▶ **Dataset section**:
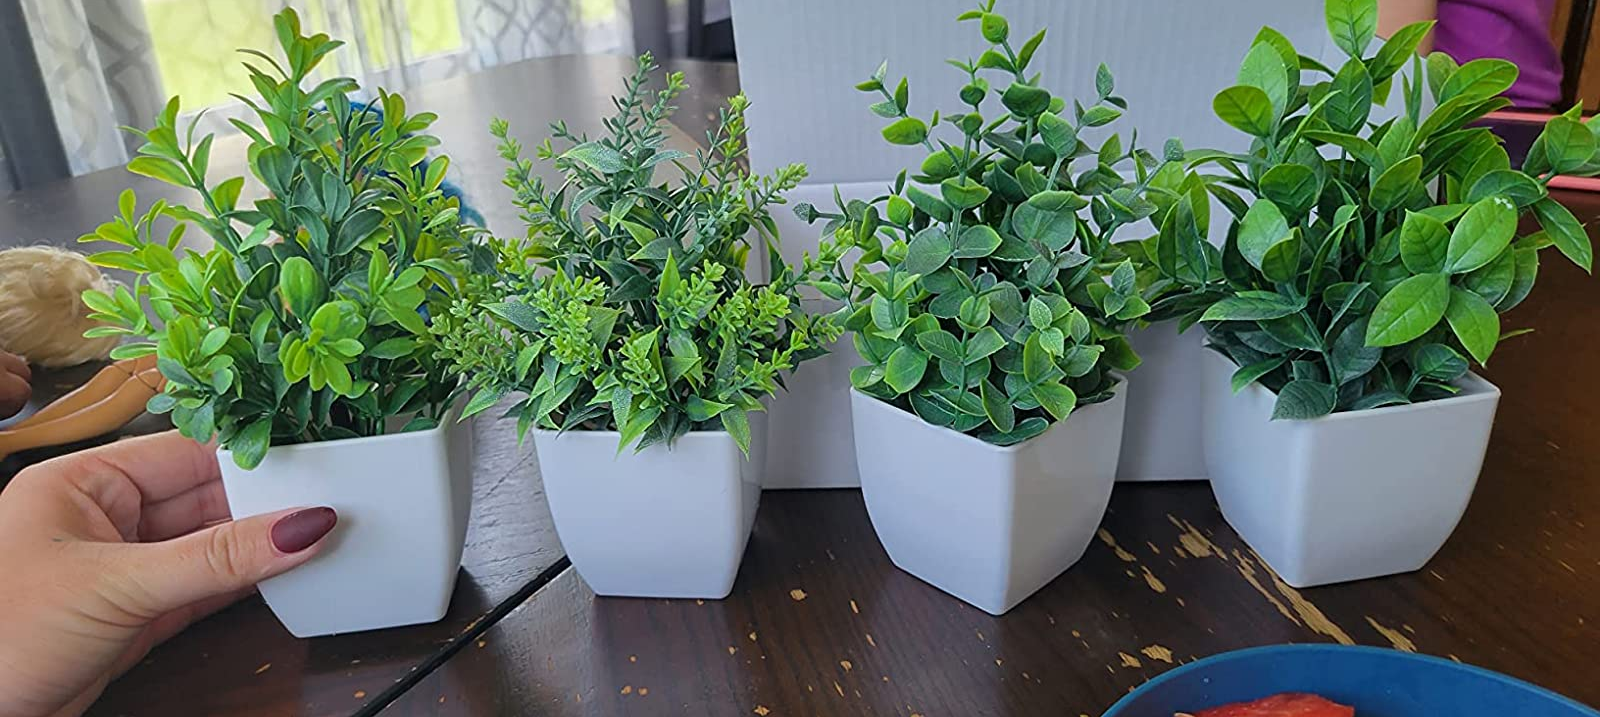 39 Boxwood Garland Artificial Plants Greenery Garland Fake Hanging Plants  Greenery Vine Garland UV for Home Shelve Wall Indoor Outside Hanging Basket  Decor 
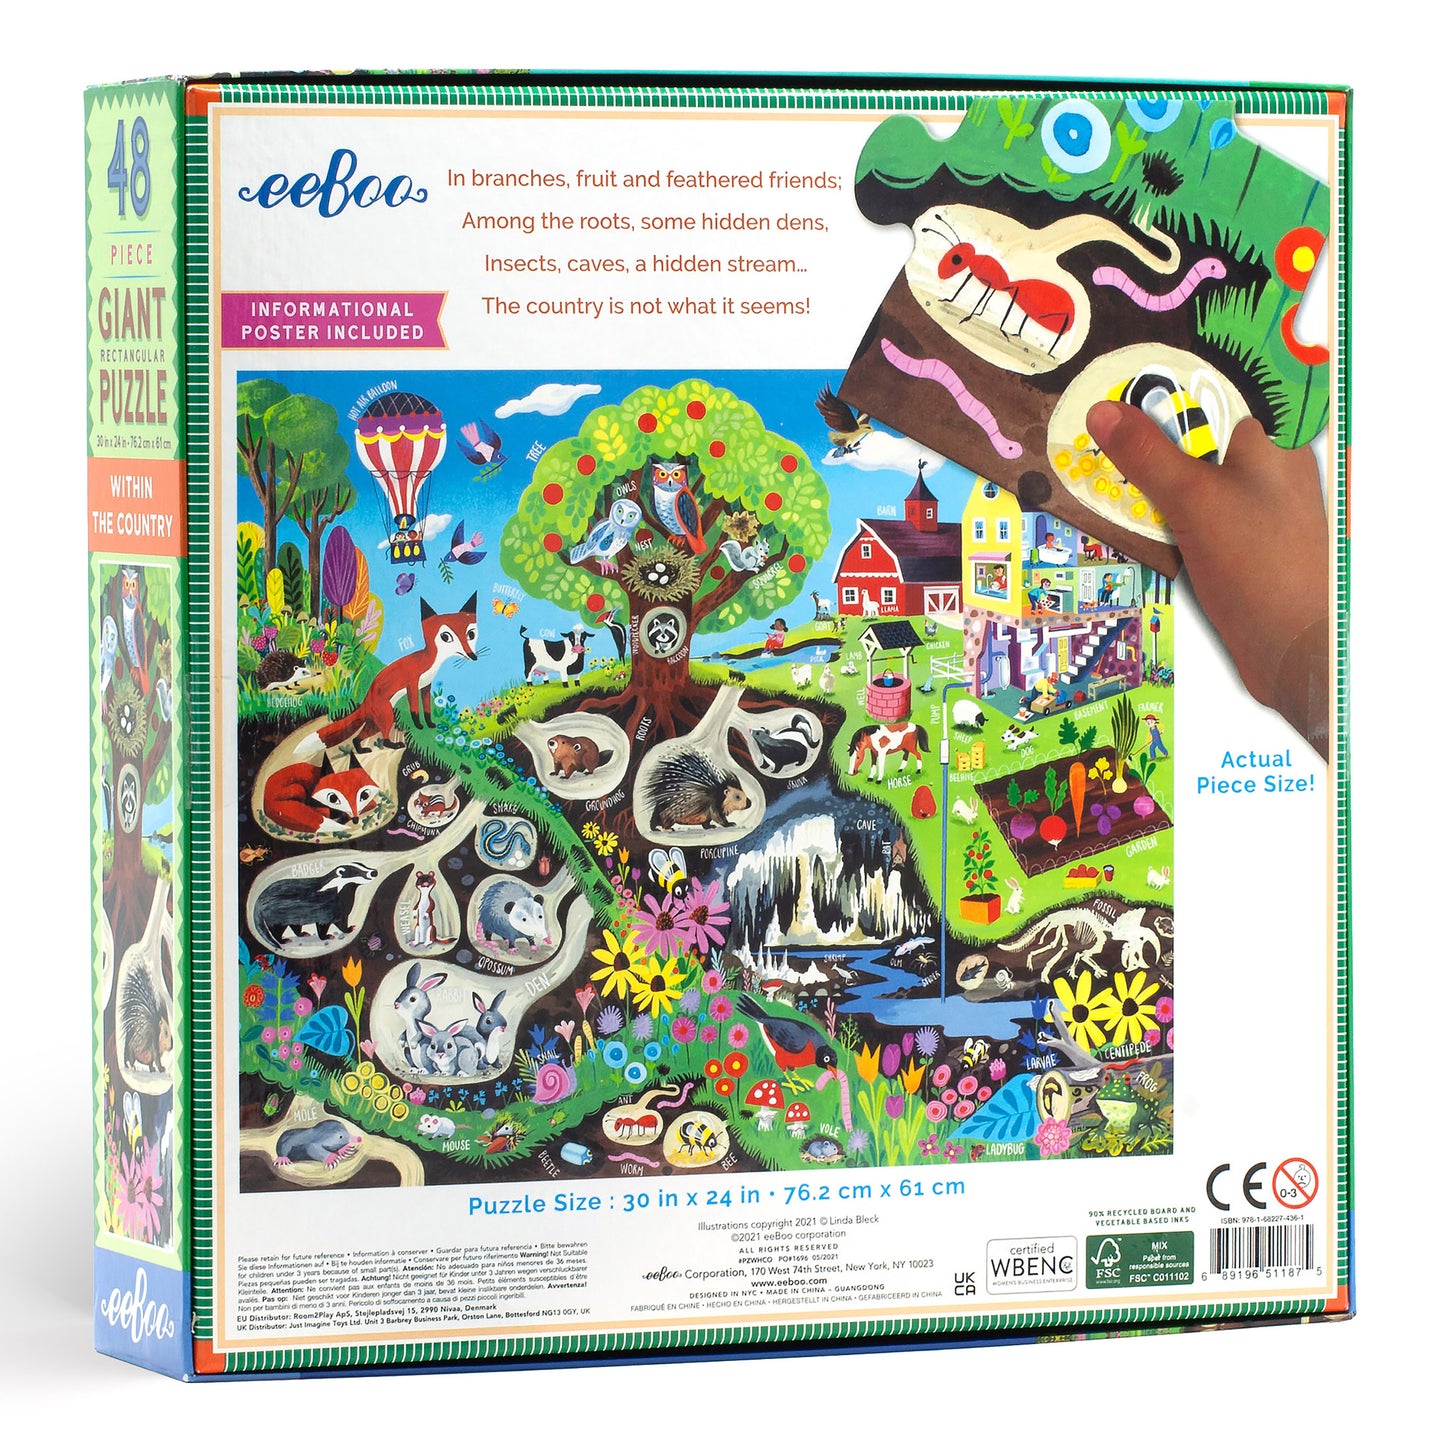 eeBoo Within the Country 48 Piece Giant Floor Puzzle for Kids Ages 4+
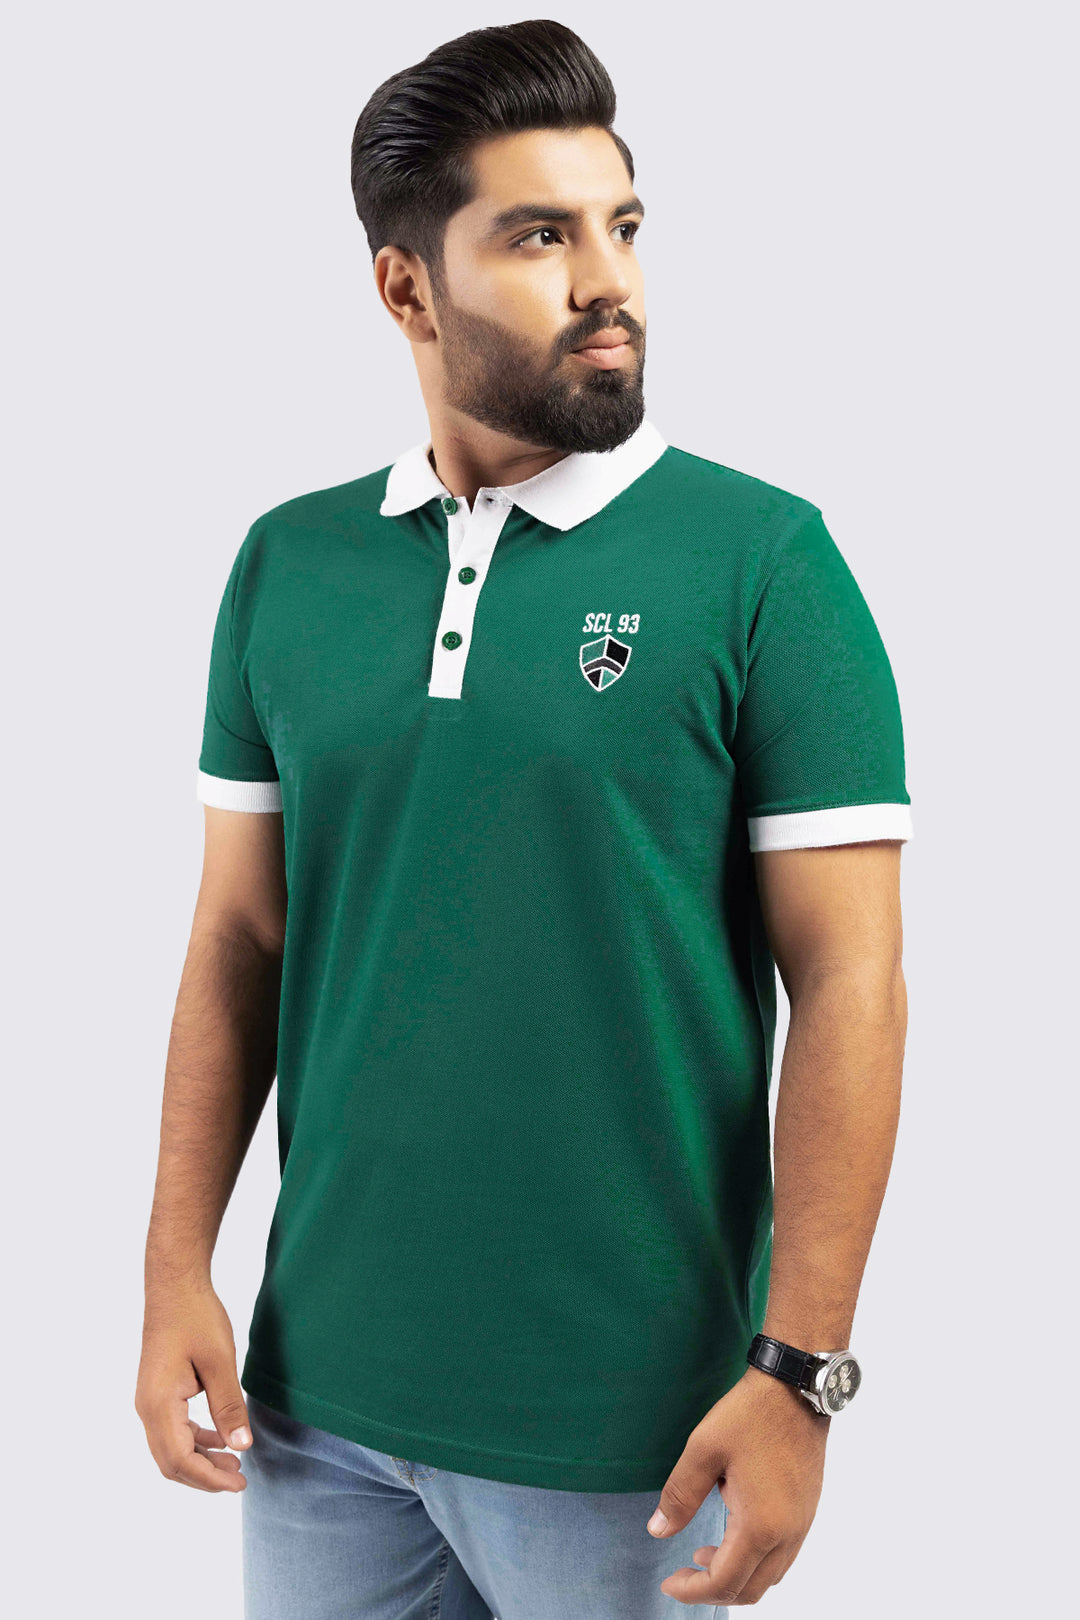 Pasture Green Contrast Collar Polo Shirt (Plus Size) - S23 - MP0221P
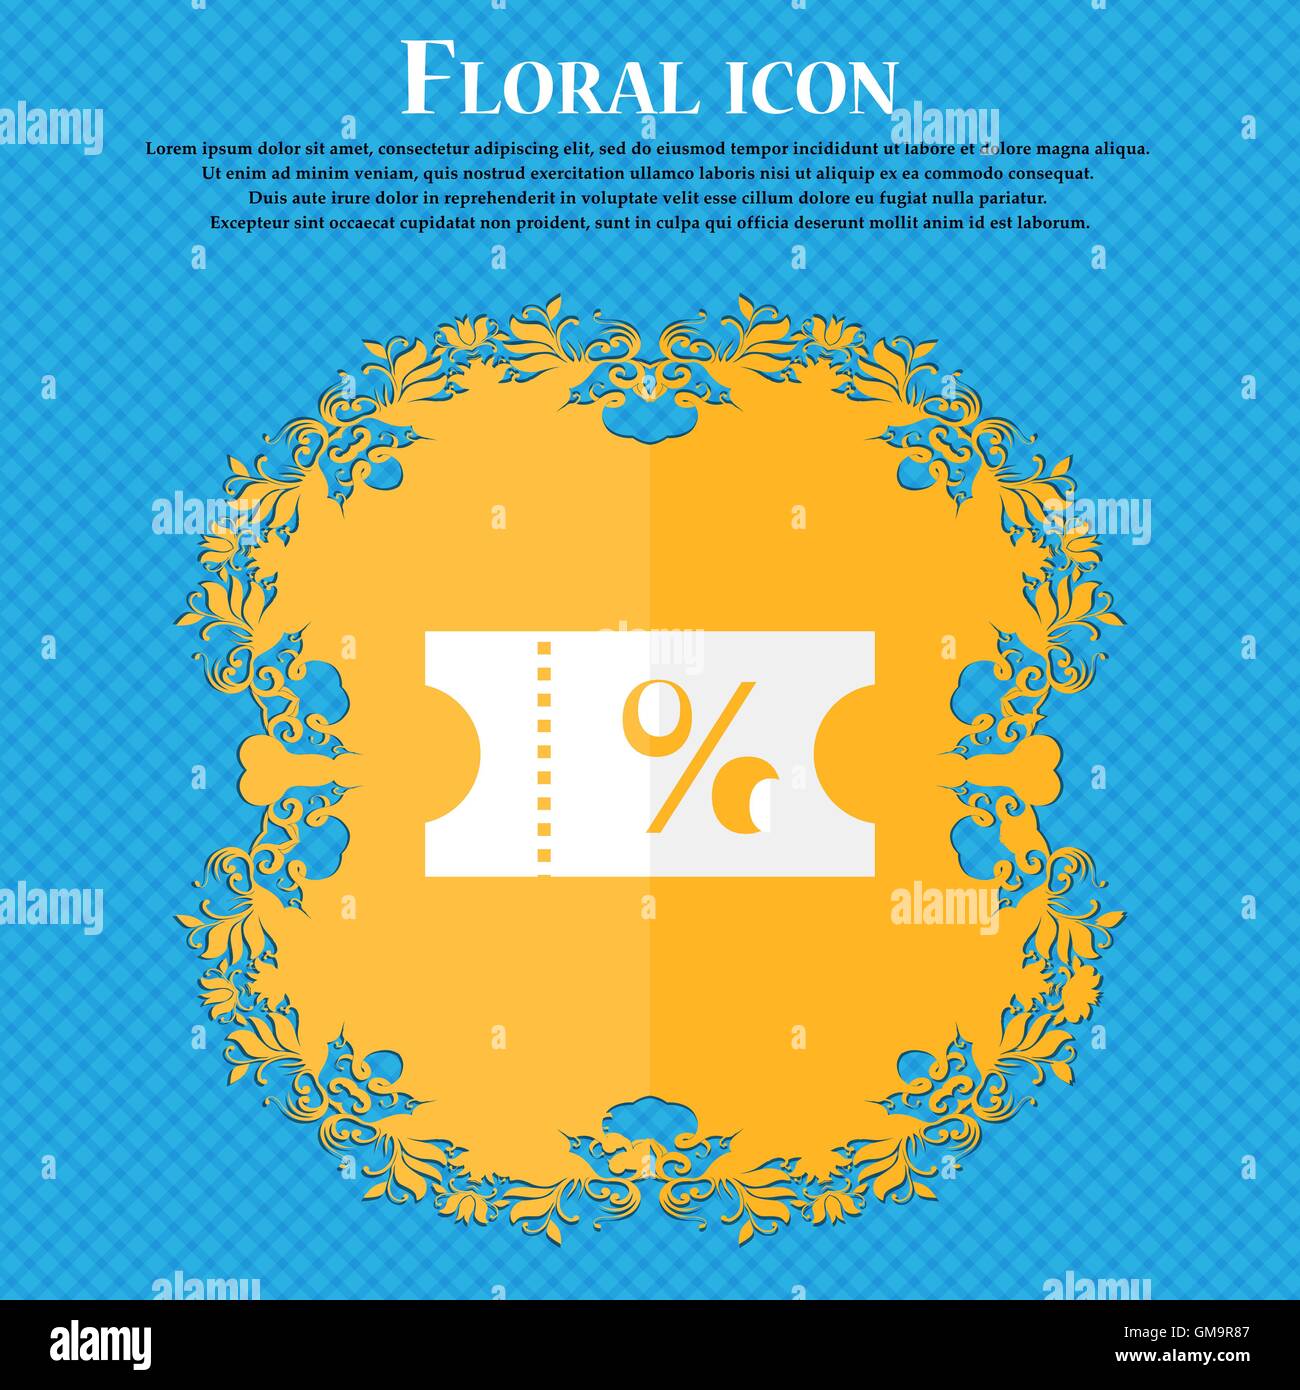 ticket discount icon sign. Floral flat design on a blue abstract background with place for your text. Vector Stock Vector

▶ **Requirement**:
The lines to write out are those from the first line of the listing above through the line bearing "eeBoo Within the", both included, copied exactly with pictures dropped.

▶ **Exercise result**:
 39 Boxwood Garland Artificial Plants Greenery Garland Fake Hanging Plants  Greenery Vine Garland UV for Home Shelve Wall Indoor Outside Hanging Basket  Decor 
 eeBoo Within the Country 48 Piece Giant Floor Puzzle for Kids Ages 4+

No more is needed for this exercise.